(Entries taken from a collection)
────────────────────

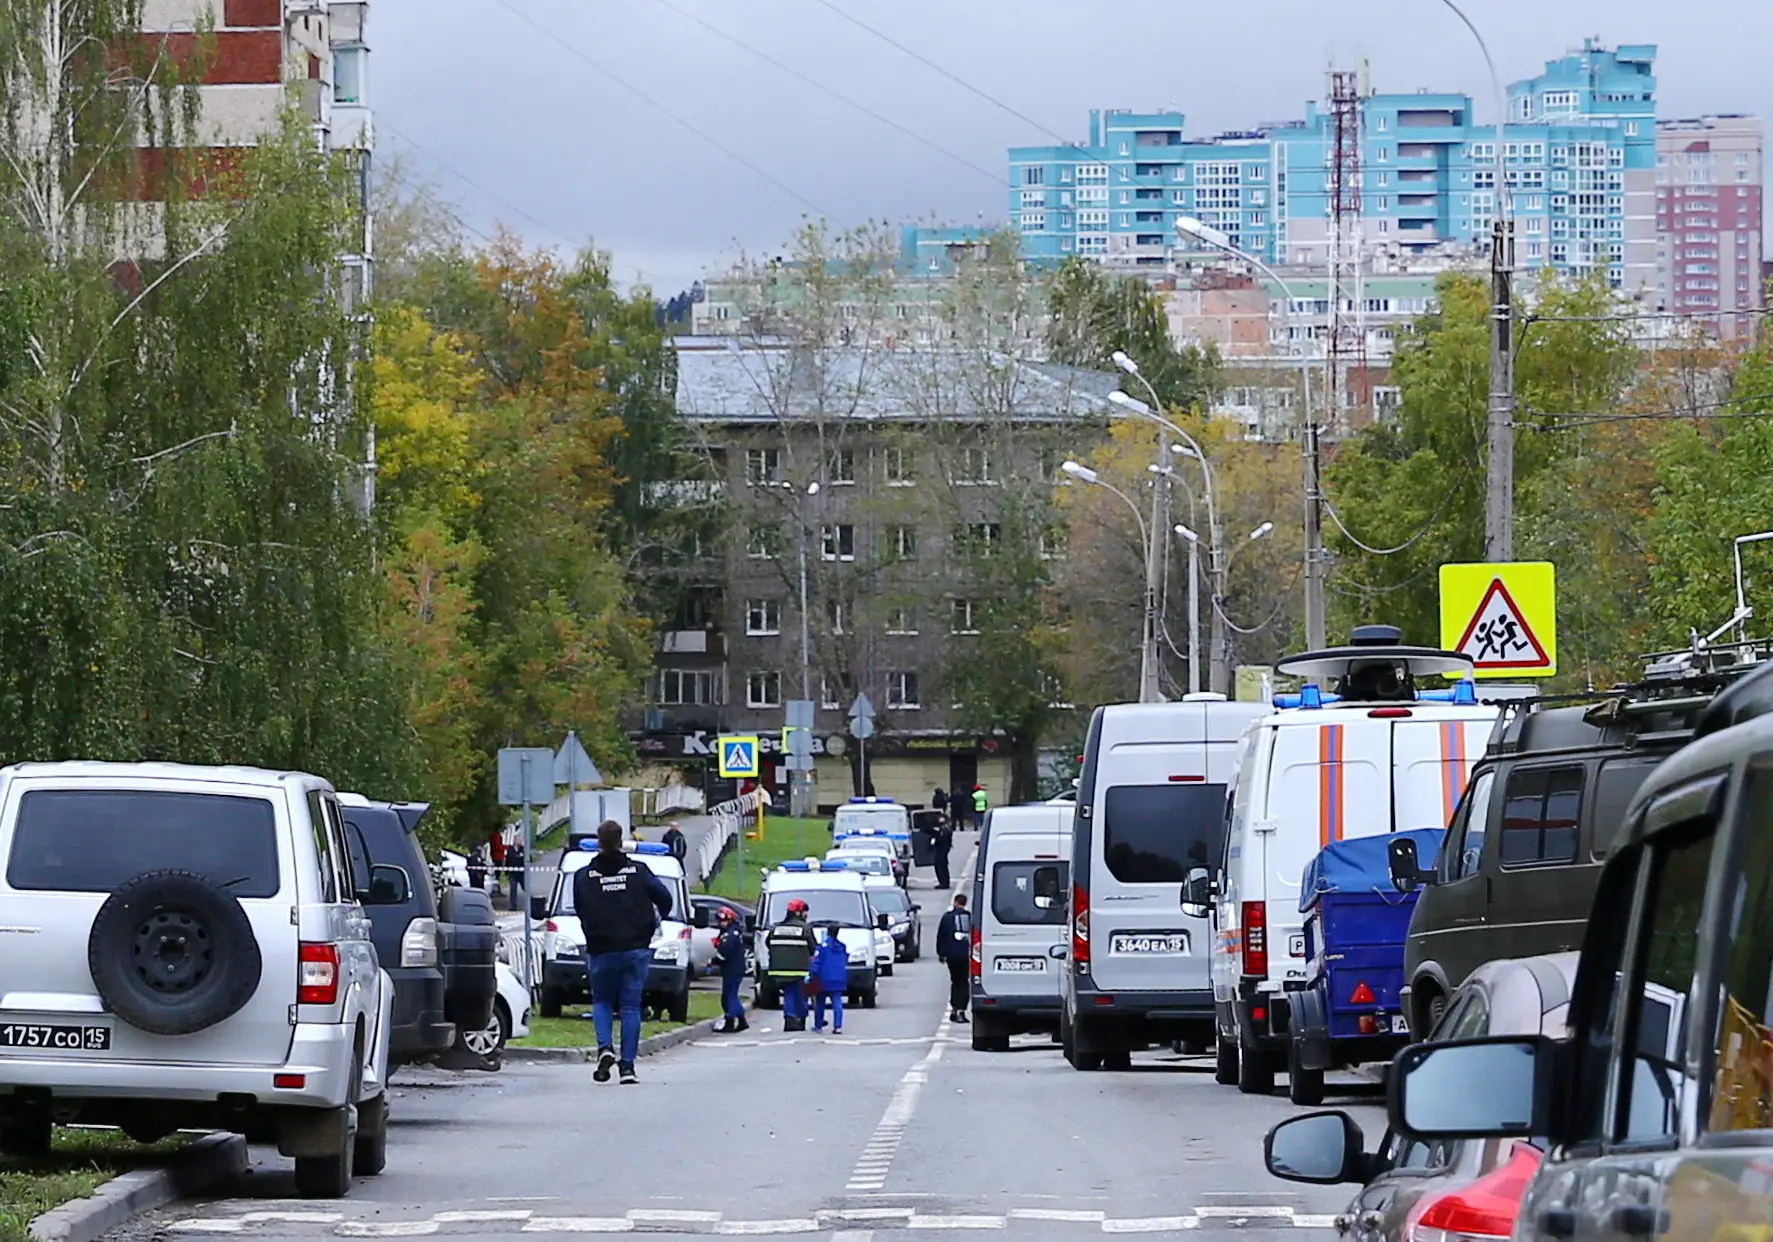 Escola russa de Izhevsk, alvo de um ataque a tiro em que morreram pelo menos 13 pessoas, entre elas sete crianças
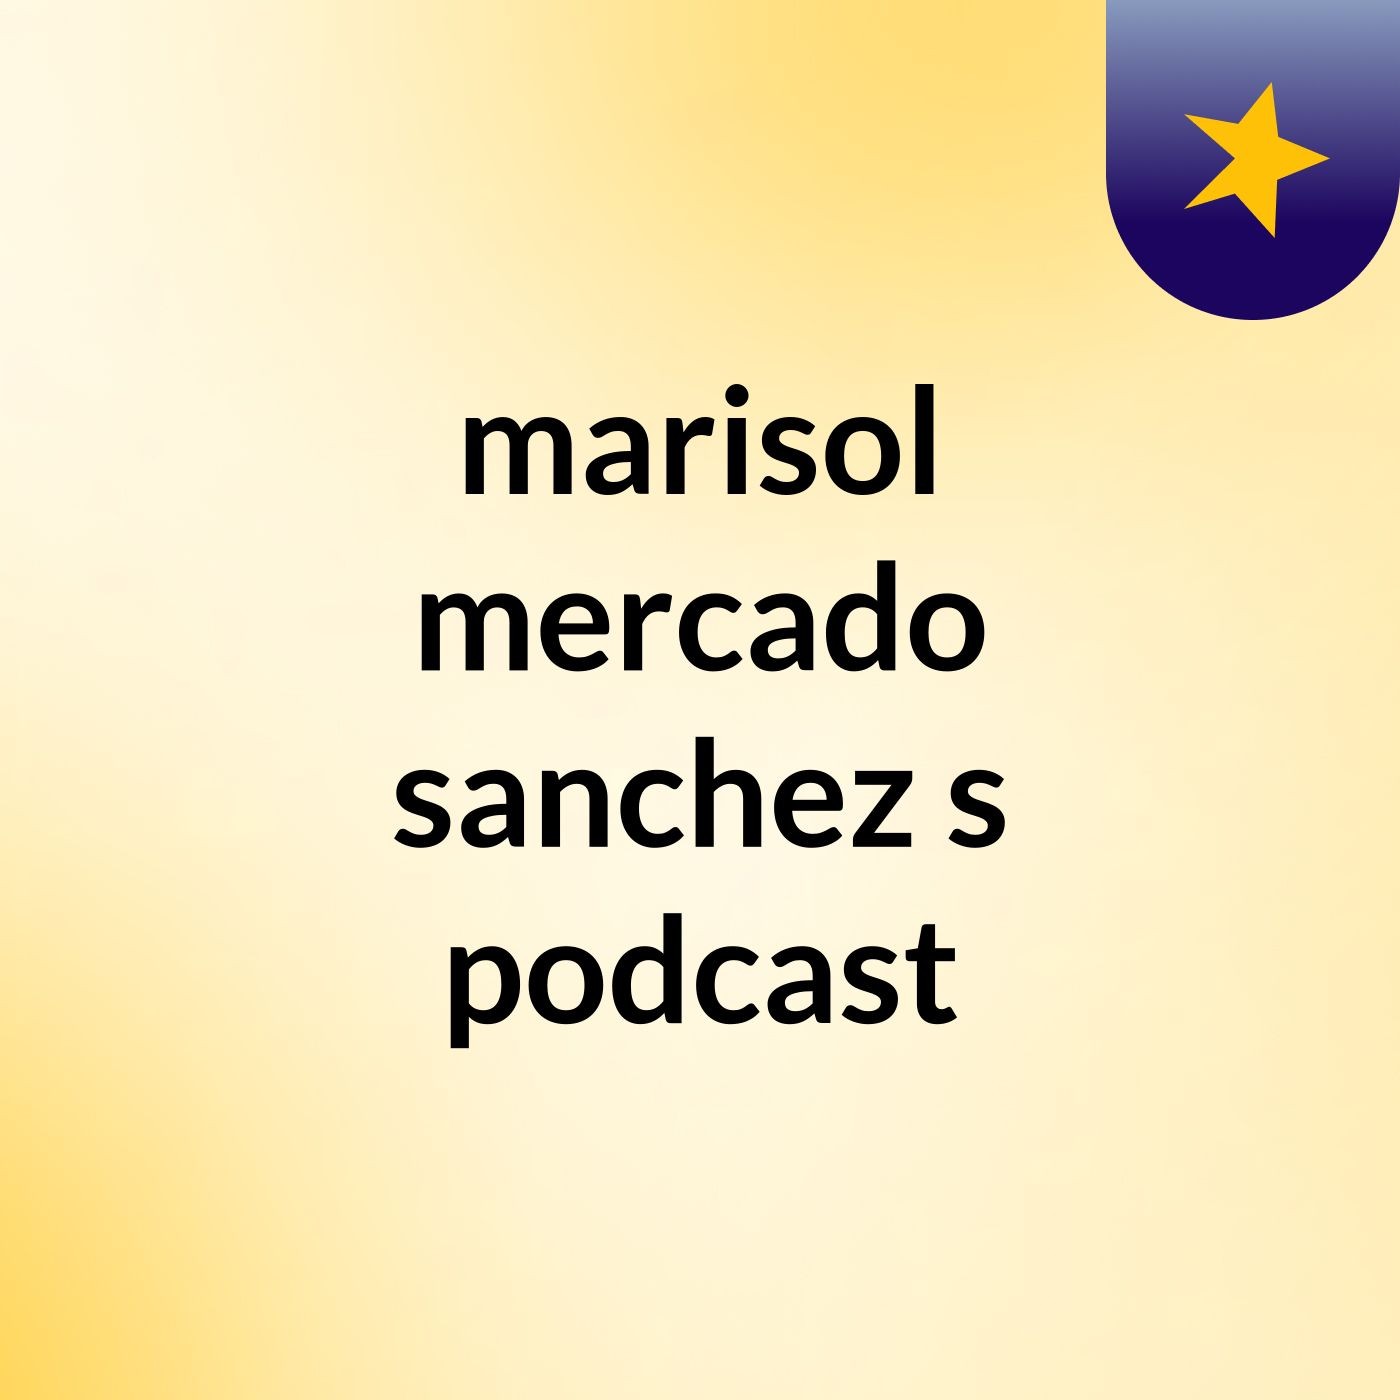 marisol mercado sanchez's podcast
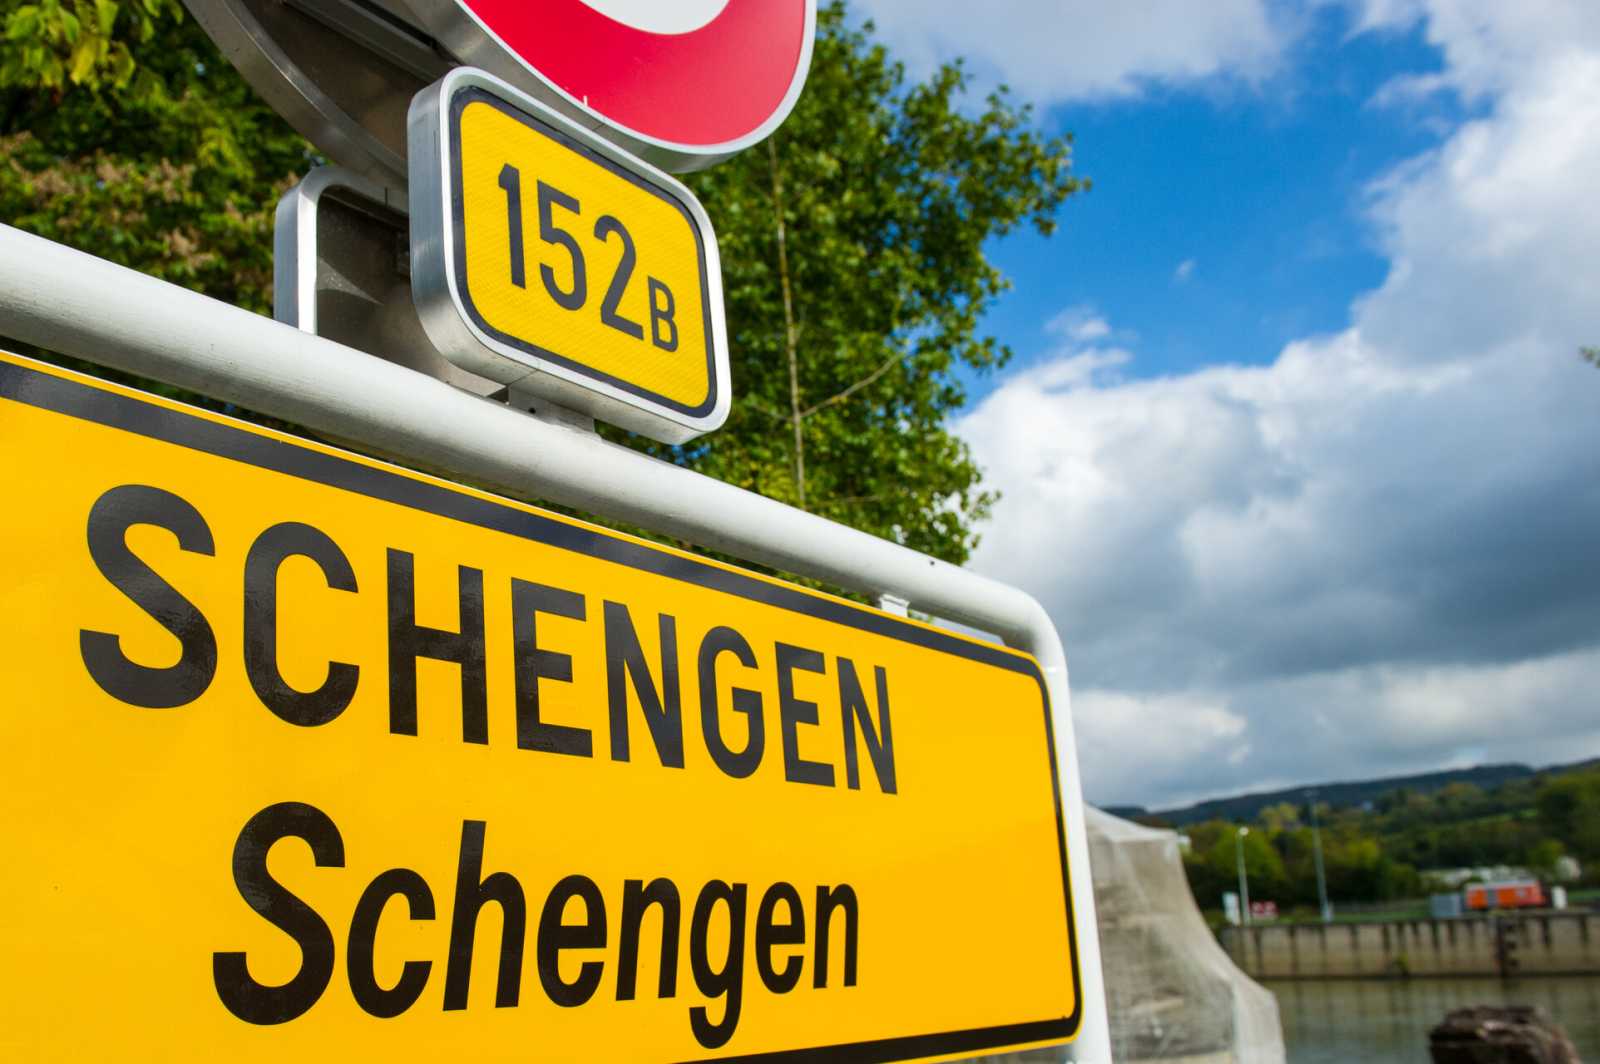 Iohannis nem mondott időpontot a várt schengeni csatlakozással kapcsolatban Fotó: AdobeStock
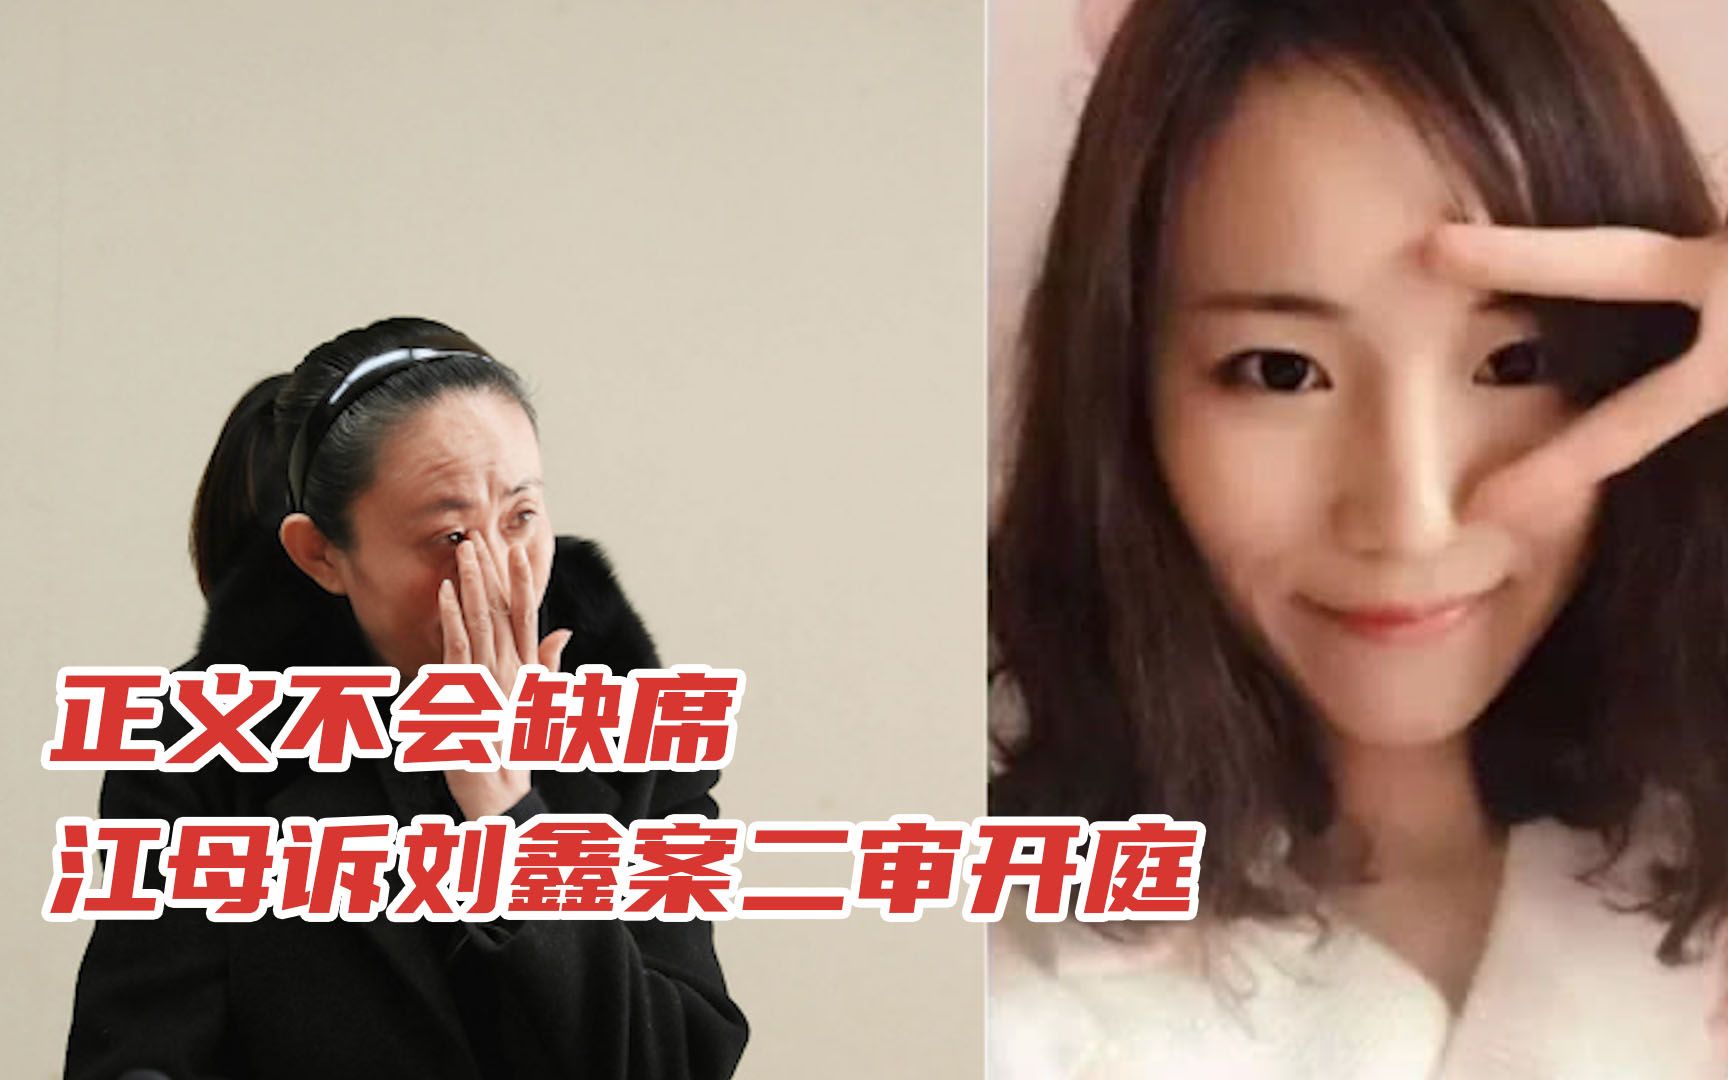 江歌母亲诉刘鑫案二审开庭:刘鑫到庭,江秋莲因身体原因未出庭
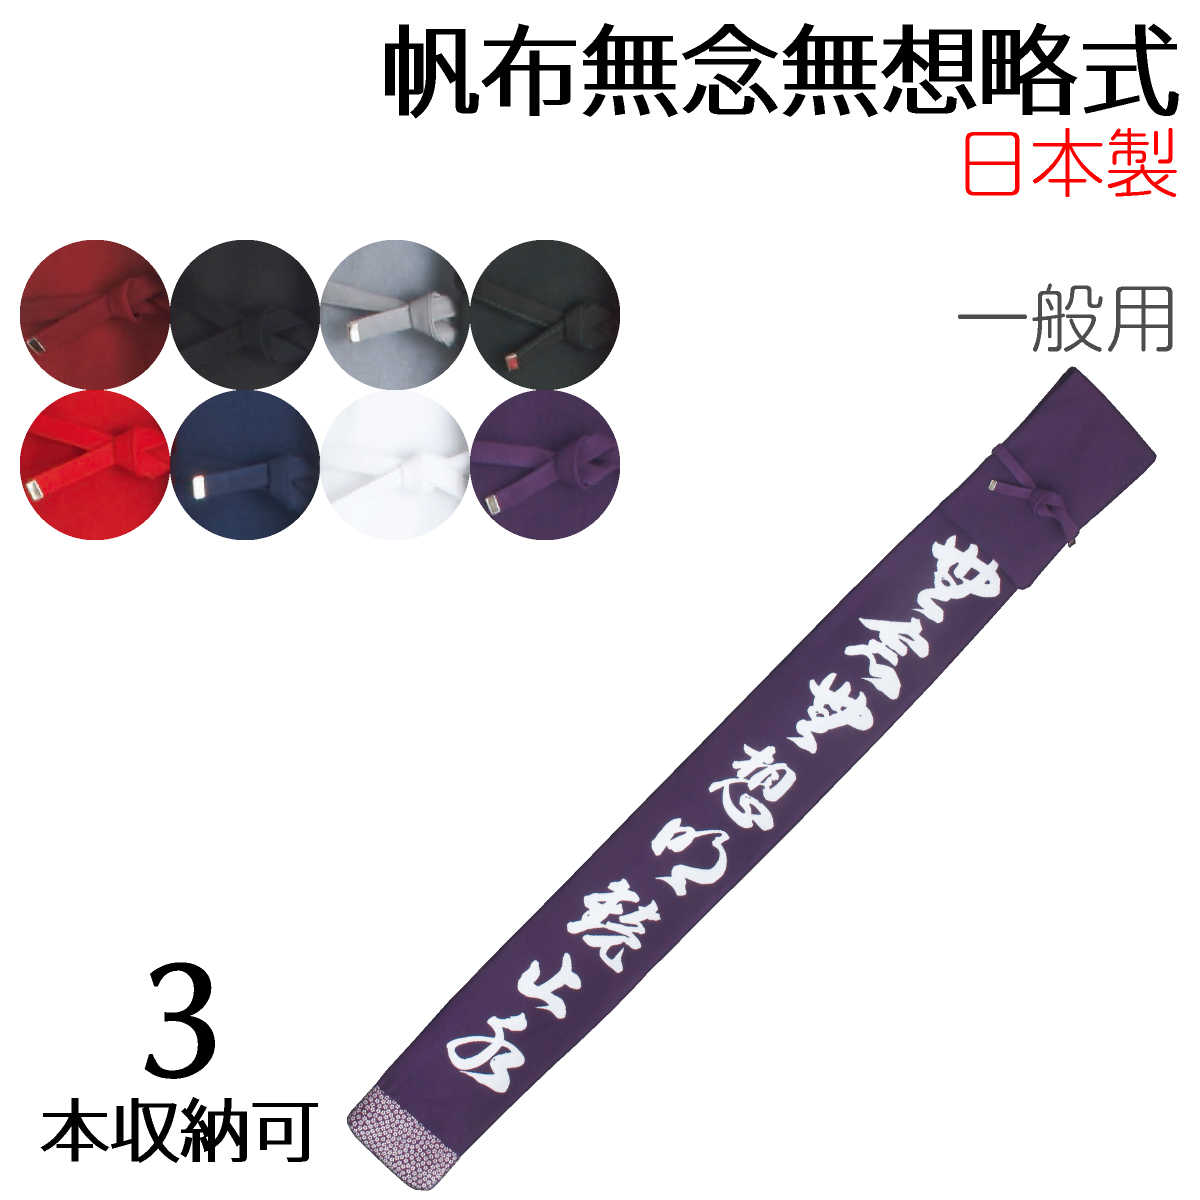 5☆大好評 日本製の竹刀バッグ 剣道の稽古に際の持ち運びに 竹刀袋 帆布無念無想略式 3本入8色 大特価 かっこいい

────────────────────

* ACTIVITY *
A faithful copy of the records above, without images, is what to give back.

* SOLVED PROBLEM *
 Escola russa de Izhevsk, alvo de um ataque a tiro em que morreram pelo menos 13 pessoas, entre elas sete crianças
 marisol mercado sanchez's podcast
 Iohannis nem mondott időpontot a várt schengeni csatlakozással kapcsolatban Fotó: AdobeStock
 江歌母亲诉刘鑫案二审开庭:刘鑫到庭,江秋莲因身体原因未出庭
 5☆大好評 日本製の竹刀バッグ 剣道の稽古に際の持ち運びに 竹刀袋 帆布無念無想略式 3本入8色 大特価 かっこいい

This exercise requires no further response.